The Mystery of the Denali Gap
In the northern foothills of the Alaska Range, two tiny ponds are making researchers wonder why Mt. McKinley is not a volcano.
The ponds, filled with dark water and ringed with willows, are craters, pocks left behind from volcanic explosions that happened about 3,000 years ago. Located near Buzzard Creek north of Healy, the craters are among thousands in Alaska. Called maars, the craters are smallish volcanoes that form when molten rock reaches up from within the ground and detonates as it reaches the water table. The craters near Buzzard Creek are made up of the same stuff as the Aleutian Arc. In 1912, Katmai, one of the volcanoes in the arc, hosted the largest eruption on the planet this century.
Based on the chemical signature of rocks found near the Buzzard Creek craters, Mt. McKinley and the rest of the western Alaska Range should be volcanoes, said Chris Nye with the Alaska Volcano Observatory. But Mt. McKinley and its neighbors are not volcanoes, and that raises questions about both the Buzzard Creek craters and the Aleutian Arc.
Extending east from Russia’s Kamchatka Peninsula, the Aleutian Arc curves in a crescent that would extend from San Francisco to St. Louis if superimposed on the U.S. Most of the arc is visible as the Aleutian Islands, which are pimpled with about 100 volcanoes. The northernmost volcano in the arc, Mt. Spurr, is located across Cook Inlet from Anchorage. Volcanic activity seems to end there, but if the curve of the Aleutian Arc were to extend north, it would meet the Alaska Range. The Alaska Range features no volcanoes until the craters at Buzzard Creek. Nye calls the non-volcanic area between Mt. Spurr and Buzzard Creek “the Denali Gap.”

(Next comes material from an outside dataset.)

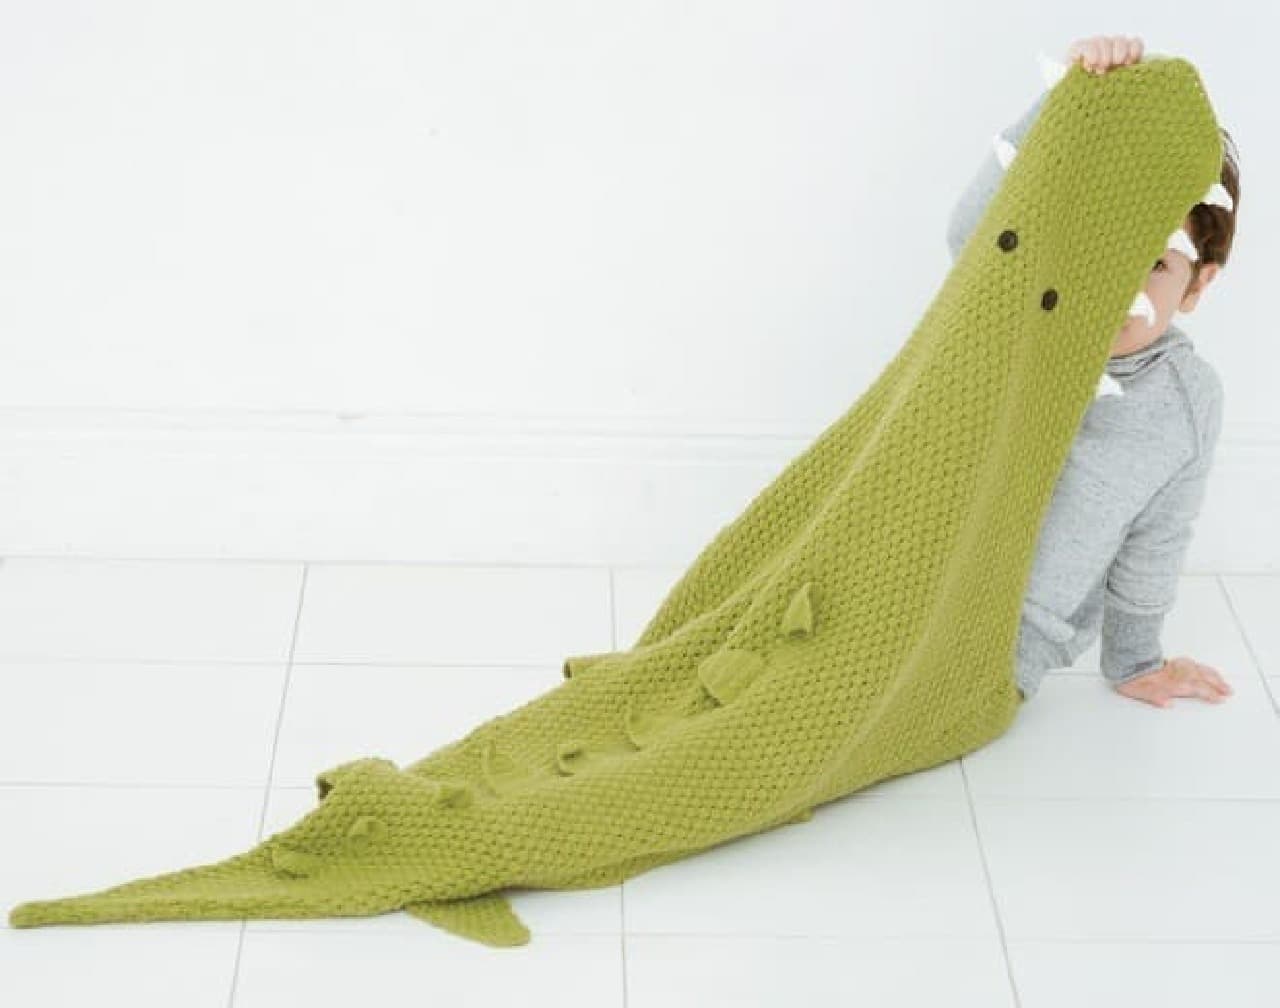 [Mermaid] and [Crocodile] of "Yurukawa Knitted Blanket"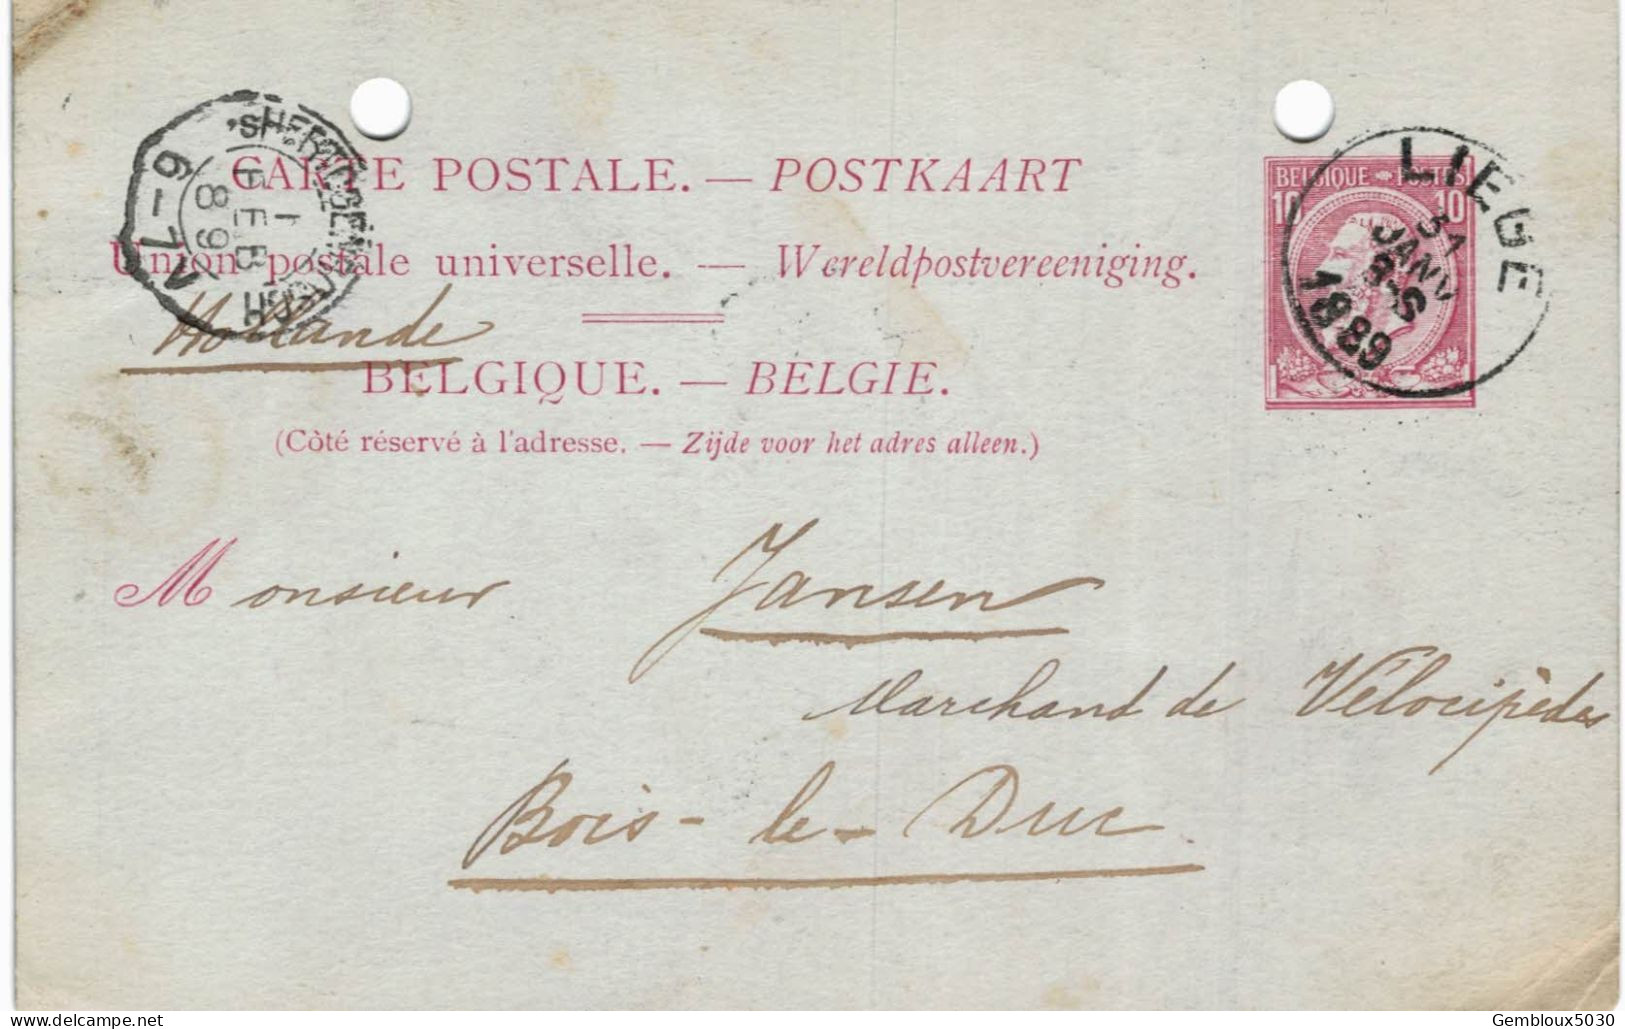 (Lot 02) Entier Postal  N° 46 écrit De Liège Vers Bois-le-Duc  (trous) - Postkarten 1871-1909

The area of the Denali Gap—a 200-mile stretch filled with big mountains—has all the ingredients for volcanic activity, but no volcanoes. One element necessary for volcanoes is subduction, a process in which one of Earth’s plates—a giant hunk of crust—dives below another. Beneath the Denali Gap and much of Alaska, the Pacific plate grinds underneath the North American plate. As the Pacific plate descends, it gives off water and other fluids that mix with dense rock to form molten rock; that molten rock sometimes rises to form a volcano. Most of the Aleutian volcanoes are located about 60 miles above where the Pacific plate meets the North American plate. The Buzzard Creek craters and the mountains of the Alaska Range are located about 60 miles above the interface of the giant plates. Why do volcanoes exist in the Aleutians but not the Alaska Range?
Nye said a large number of earthquakes recorded in the Alaska Range indicate that subduction is still happening beneath the mountains, but something has stopped the formation of volcanoes between Mt. Spurr and Buzzard Creek. What?
One theory is that a block of crust under southern Alaska is being plastered to the North American plate so firmly that molten rock can’t make its way to the surface in the western Alaska Range. Nye said scientists also once believed that the Pacific Plate dried up on its journey beneath the North American plate before reaching Mt. McKinley. But volcanologists have found evidence of the very same wet stuff that produces volcanic activity in the Aleutian Arc near the craters at Buzzard Creek. As they find more clues from places like the Buzzard Creek ponds, volcanologists and seismologists hope to find out why Mt. McKinley and other Alaska Range mountains aren’t spouting ash and belching sulfur.